Introduction to Project
Digital Multimeter is a device that measures the value of electrical components like resistor,capacitor,inductor,voltage and current. Multimeter is largely used in electrical engineering programs and the purpose of choosing this project is that it is related to our field and we wanted to know how multimeter works in backend.
The Problem
Eletrical devices are composed of different electrical components. Mainly the components that are used are resistors,capacitors and inductors.
So for designing of electrical devices we need to know exact value of the electrical components for there proper working. As for measuring values of each components we have different meters like for resistance we need "ohm meter", etc. This is costly as well as difficult for the usage.
Solution of the Problem
A multimeter is composed of Ohm meter, Volt meter, Ampere meter, etc. Since we use this device so often it was a very exciting idea for us to make our very own.
Design Requirements
We have to design a device which is portable, accurate upto 90 or 95%. We recognize that making a more accurate device will intern require highly accurate discrete components (which are again costly and hard to locate in local market), Also we wanted the device to operate on 5V supply as this is easily available in lab environment. .
Sample image of final design
For our product, initially, we thought of a simple design keeping in mind display of the input and out entities as well as sockets for input, output.
Project Execution Plan
This was our semester design project so we had to decompose our project into smaller task. The list is enumerated below:
1- Literature Review
2- Understanding the working principle of components
3- deveolping a PCB
4- Fabrication of PCB
5- First soldering the componets
6- After succesfully testing the Atmega328 and ADS1115, soldering the rest of the components
7- Energizing the circuit and troubleshooting all the errors
8- After getting desireable results, Designing the case for the PCB
9- Preparing the product for the final Product
We learned how to work as a team, we learned to helped each other.

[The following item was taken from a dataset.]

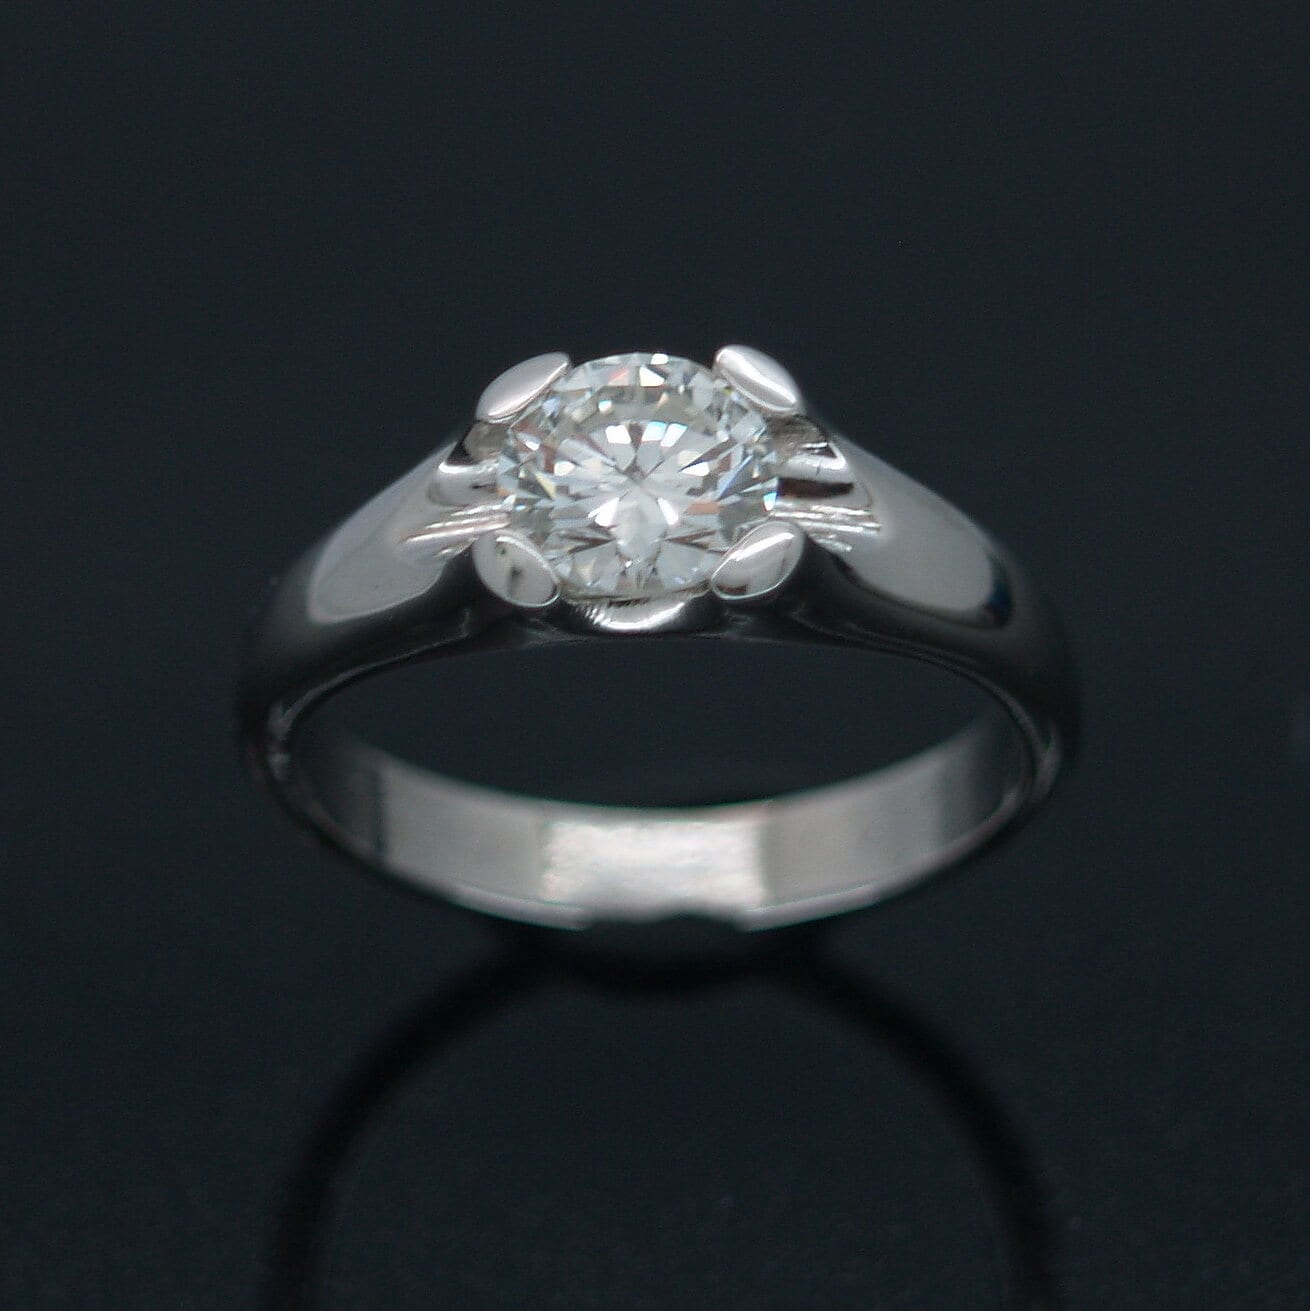 Modern Palladium and Round Brilliant cut Diamond bespoke engagement ring by Julian Stephens
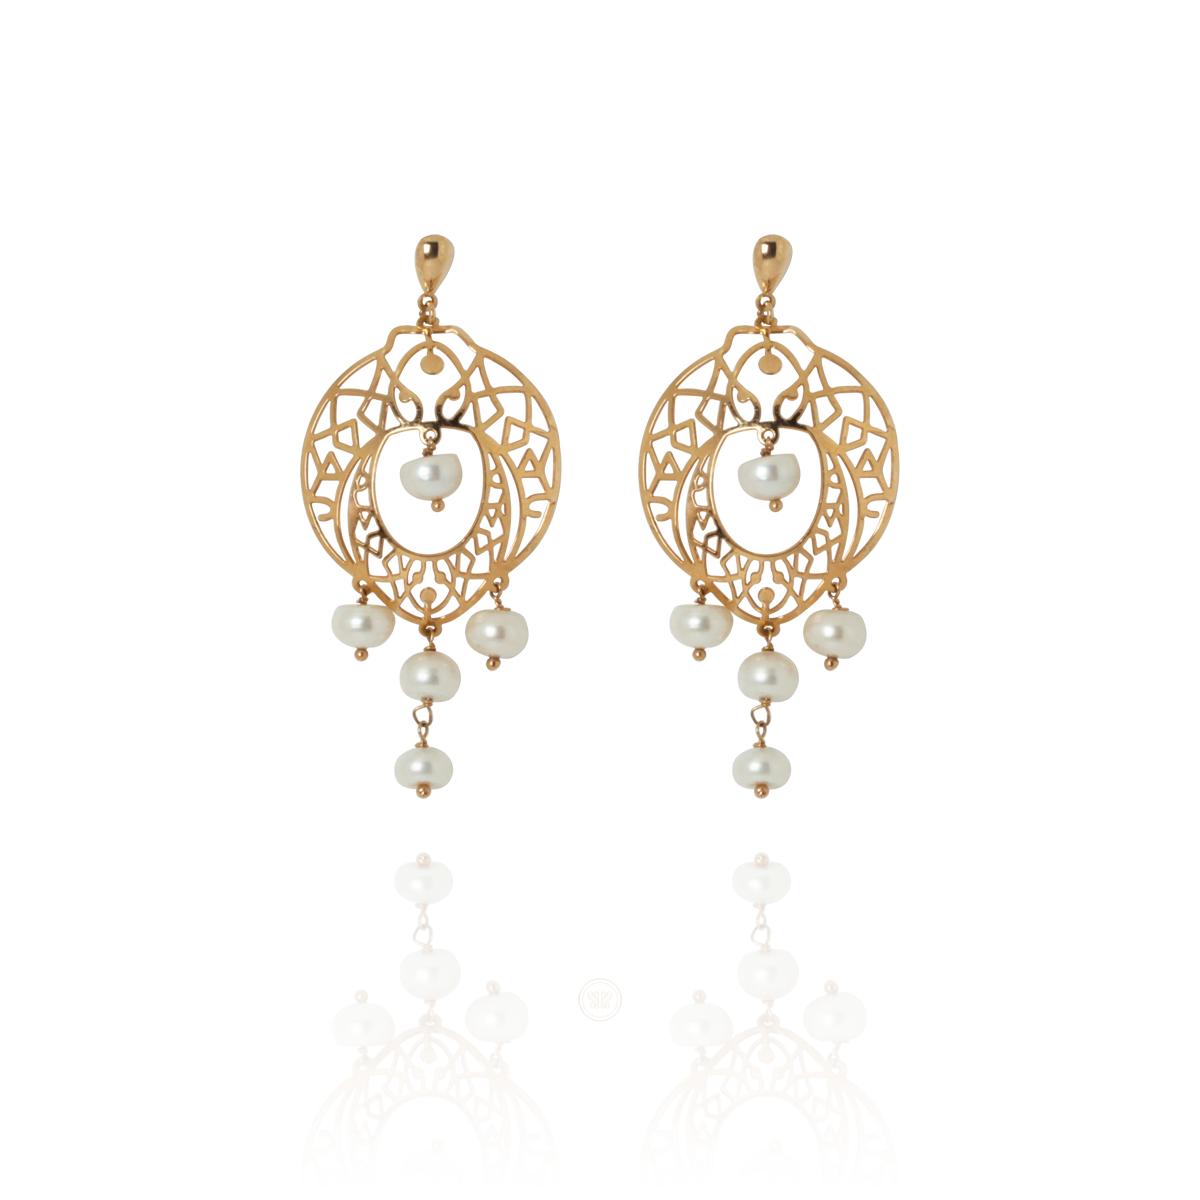 Brinco Barbara Strauss Semi Joia Durban De Pérola Lalique, Rev. Em Ouro 18K

Sometimes I helped my teammate if he gets stuck in some problem and sometimes my teammate helped me when i get stuck in some problems.We also learned project managemnet and how to complete a task and manage.
Deligation of Tasks
Bill Of Material
| S.No: | Device | Description | Unit Price |
|---|---|---|---|
| 1. | Atmega328pu | microcontroller | 340/- |
| 2. | ADS1115 | Voltage Sensor | 800/- |
| 3. | OLED 0.96" | Display | 450/- |
| 4. | Other Matrials | PCB, wire, board ,connectors etc | 300/- |
Brief Description of Major Components
1. Atmega328:
ATmega328 is an 8-bit, 28-Pin AVR Microcontroller, manufactured by Microchip, follows RISC Architecture and has a flash-type program memory of 32KB. Atmega328 is the microcontroller, used in basic Arduino boards i.e Arduino UNO, Arduino Pro Mini and Arduino Nano.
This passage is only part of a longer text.